BİLİRKİŞİLER BENİ NEYLE SUÇLAYACAK MERAK EDİYORUM

Can Gürkan'dan sonra söz alan Soma Kömür İşletmeleri Genel Müdürü Ramazan Doğru, şirketteki sorumluluk alanlarını, nasıl çalıştığını anlattı, ilk bilirkişi raporunu kabul etmediğini söyledi. Kendisini daha iyi savunmak için tahliye edilmeyi de talep eden Ramazan Doğru, “Ben yeni bilirkişi raporunu bekliyorum. Benimle ilgili ne suçlamada bulunacak merak ediyorum" dedi.

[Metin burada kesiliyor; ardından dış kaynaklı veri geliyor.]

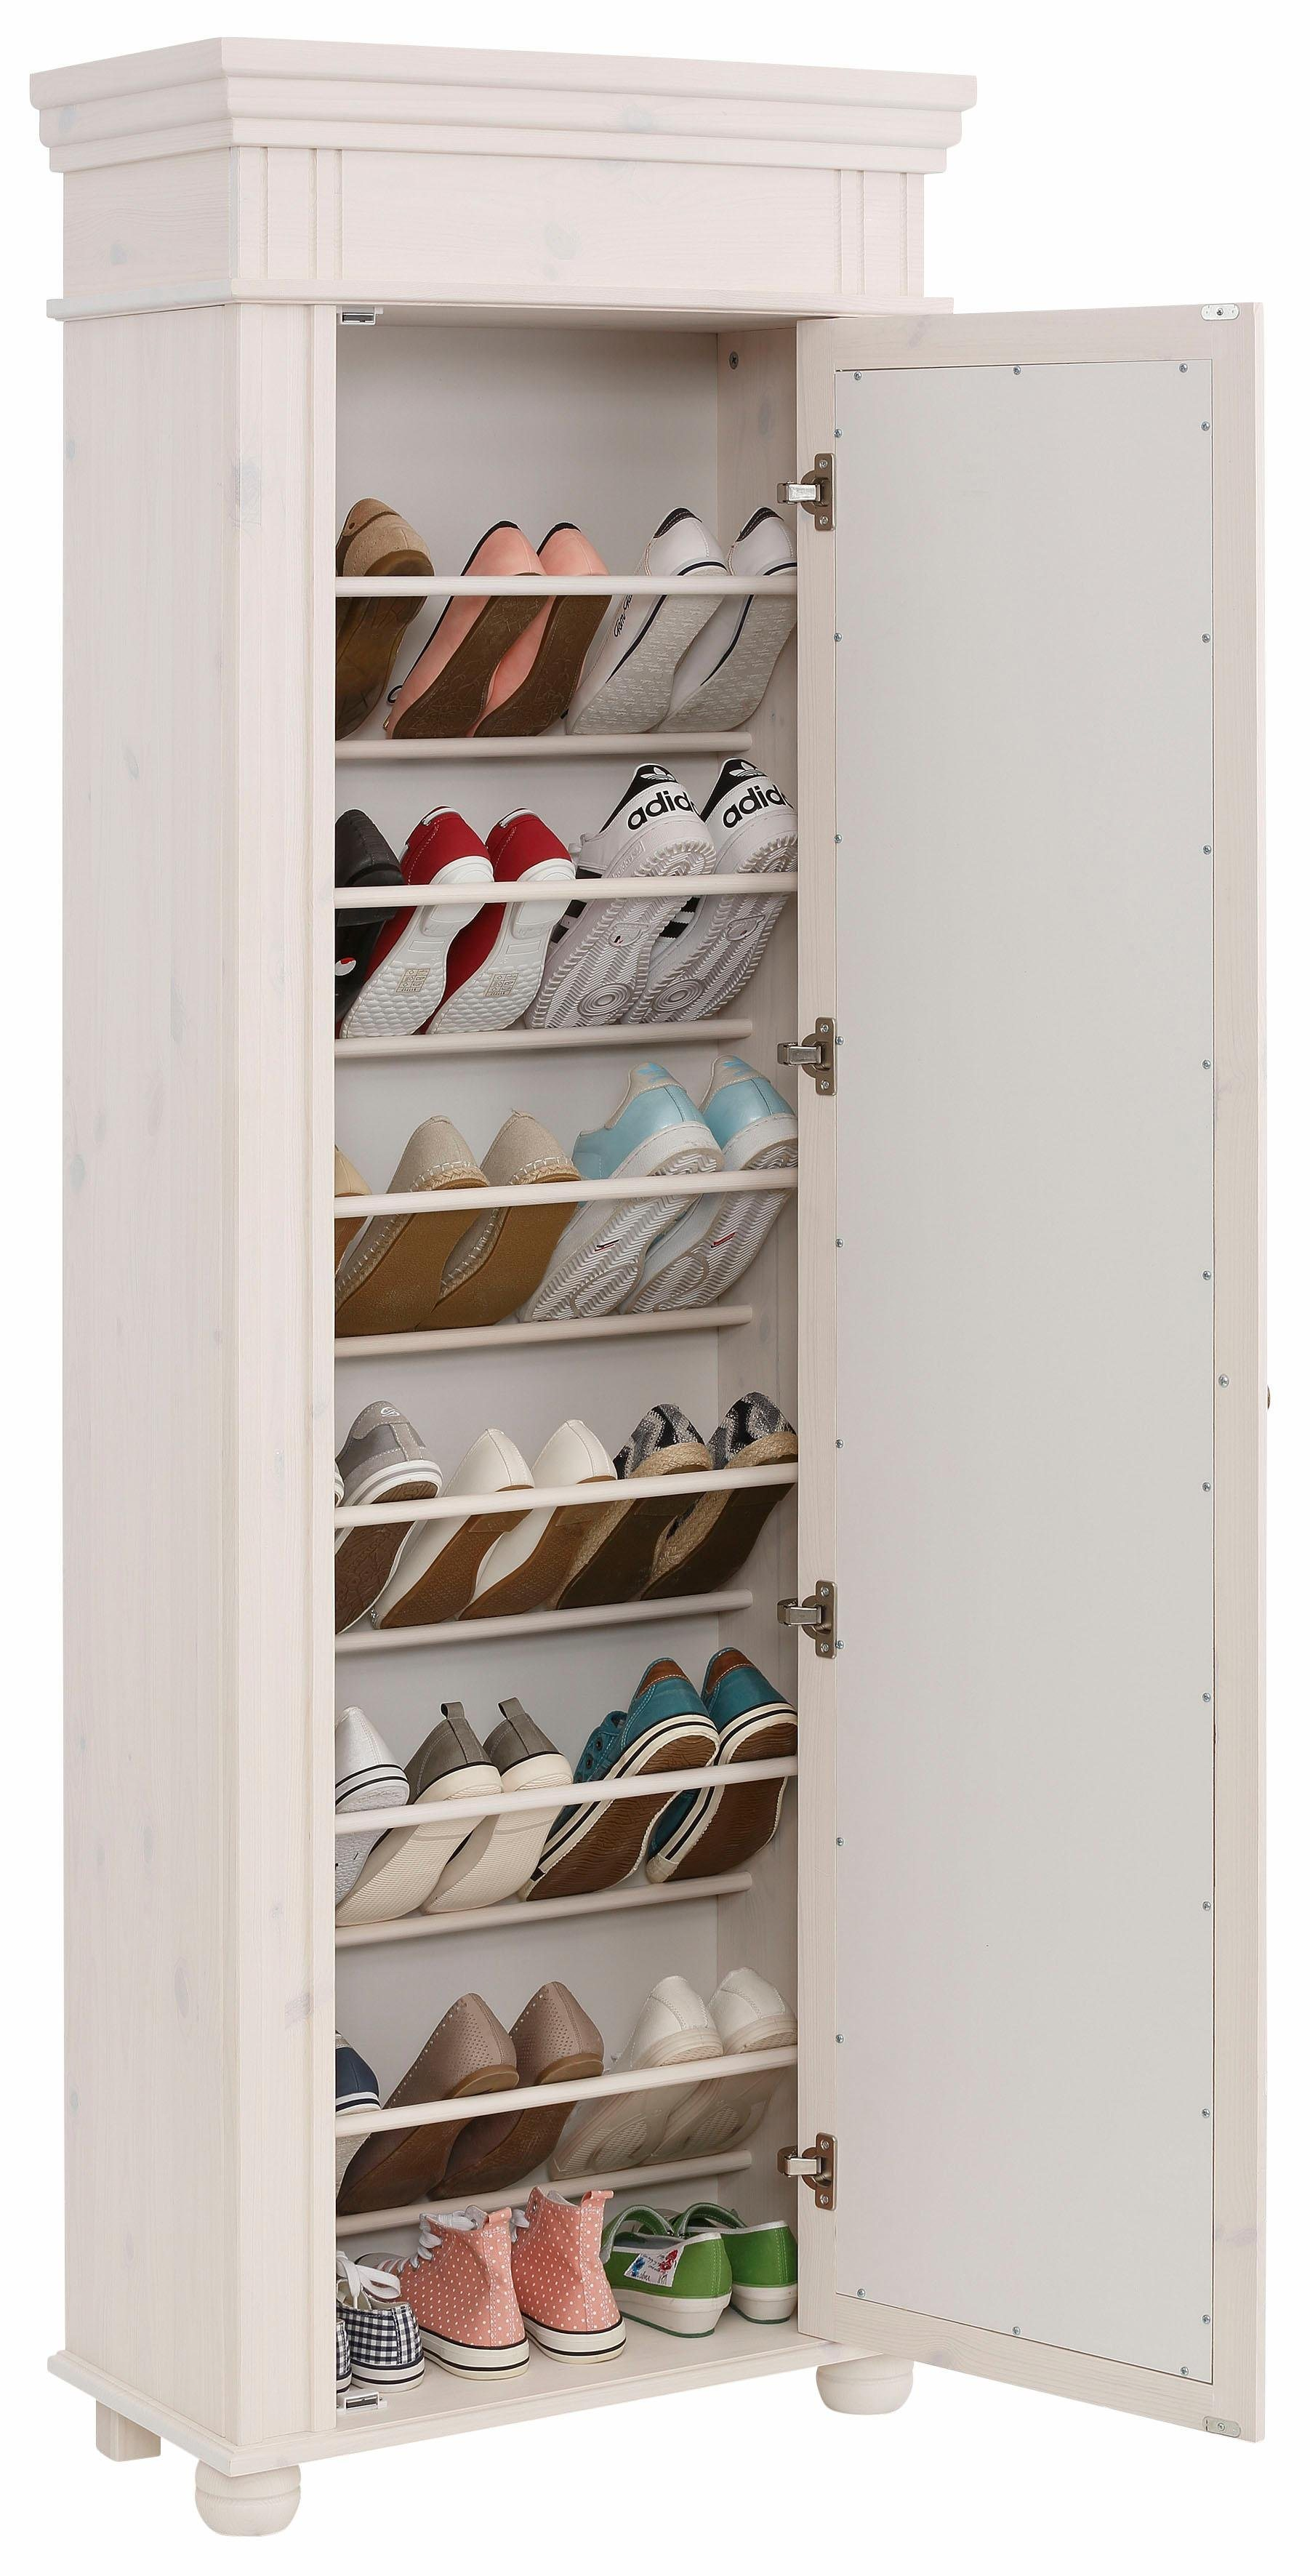 schuhschrank mit spiegel preisvergleich die besten angebote online kaufen. Black Bedroom Furniture Sets. Home Design Ideas

Diğer sanıklardan Akın Çelik, ocakta ne yaşandığını çalışanlarının bildiğini ileri sürdü. Üretim baskını suçlamalarını kabul etmeyen İşletme Müdürü İsmail Adalı, madende 30 köylüsünün çalıştığını bunlardan 15'inin akrabası olduğunu, güvensiz olsa çalışmalarına izin vermeyeceğini anlattı. Ertan Ersoy, bant tamburlarının yanıp yanmayacağının incelenmesini bunun için deneme yapılmasını mahkemeden talep etti. Mehmet Ali Günay Çelik ise elektrik kablolarının yer üstüne çıkartılıp incelenmesi istedi.

Duruşmaya ara karar için ara verildi.